Design and construction
- Architecture firm: Habershon and Fawckner

Website
- mansionhousecardiff.co.uk

Listed Building – Grade II
- Official name: The Mansion House
- Designated: 24 May 2002; 24 years ago
- Reference no.: 26661

= Mansion House, Cardiff =

Building in Cardiff, Wales

The Mansion House (Y Plasty), located on Richmond Road in Cardiff, was the official residence of the Lord Mayor of Cardiff until 1995.
It was listed Grade II by Cadw in May 2002.

==History==
The house was commissioned by James Howell, the owner of Howells department store, who opened his first shop in 1865. He selected a site on Richmond Road which he leased from Lord Tredegar in 1890. The house was designed by the architects Habershon & Fawckner in the Neo-Baroque style, built in rubble masonry and was completed in 1896. It was originally called 'The Grove'.

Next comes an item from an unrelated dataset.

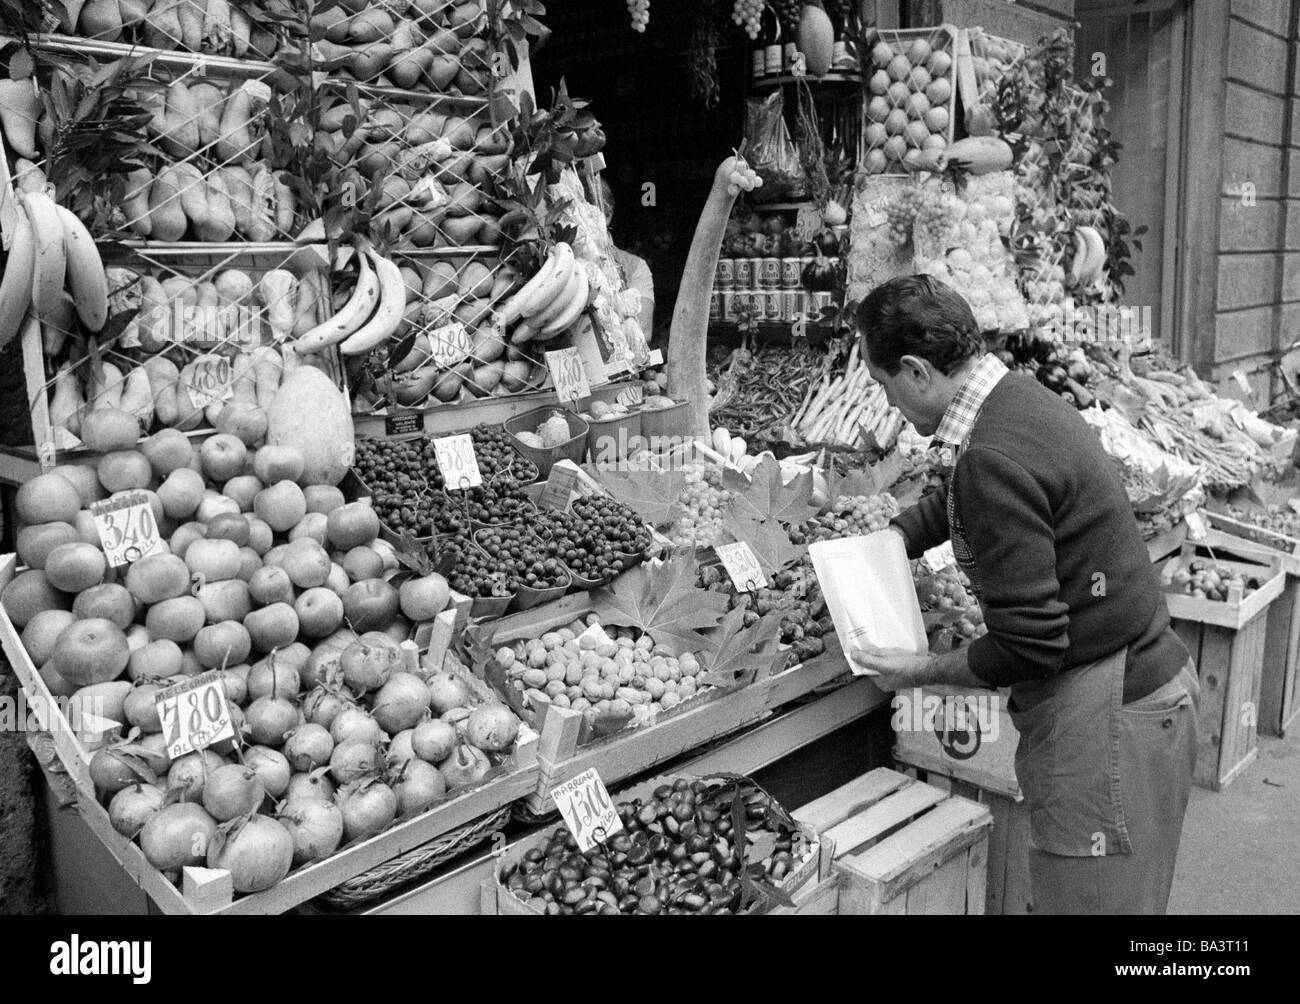 70er Jahre, schwarz / weiß Foto, Menschen, Wochenmarkt, Markt, Stall mit Obst und Gemüse, Verkäufer, Vermarkter, im Alter von 40 bis 50 Jahre, Italien, Lombardei, Mailand Stockfoto

The house was designed as a large family home, to house his 11 children. The design involved a symmetrical main frontage of four bays facing onto Richmond Road. An unusual aspect of the house was that it was designed to be able to be divided into two: it featured two round-headed front doors, with a balcony above, and a wall in the cellar which was designed to allow extension upwards. The outer bays have bay windows on both floors. At roof level, there was a modillioned cornice and there were three dormer windows.

Residents at the house in the early 20th century included Mabel Howell (a daughter of James Howell), who was secretary of the Cardiff and District Women's Suffrage Society.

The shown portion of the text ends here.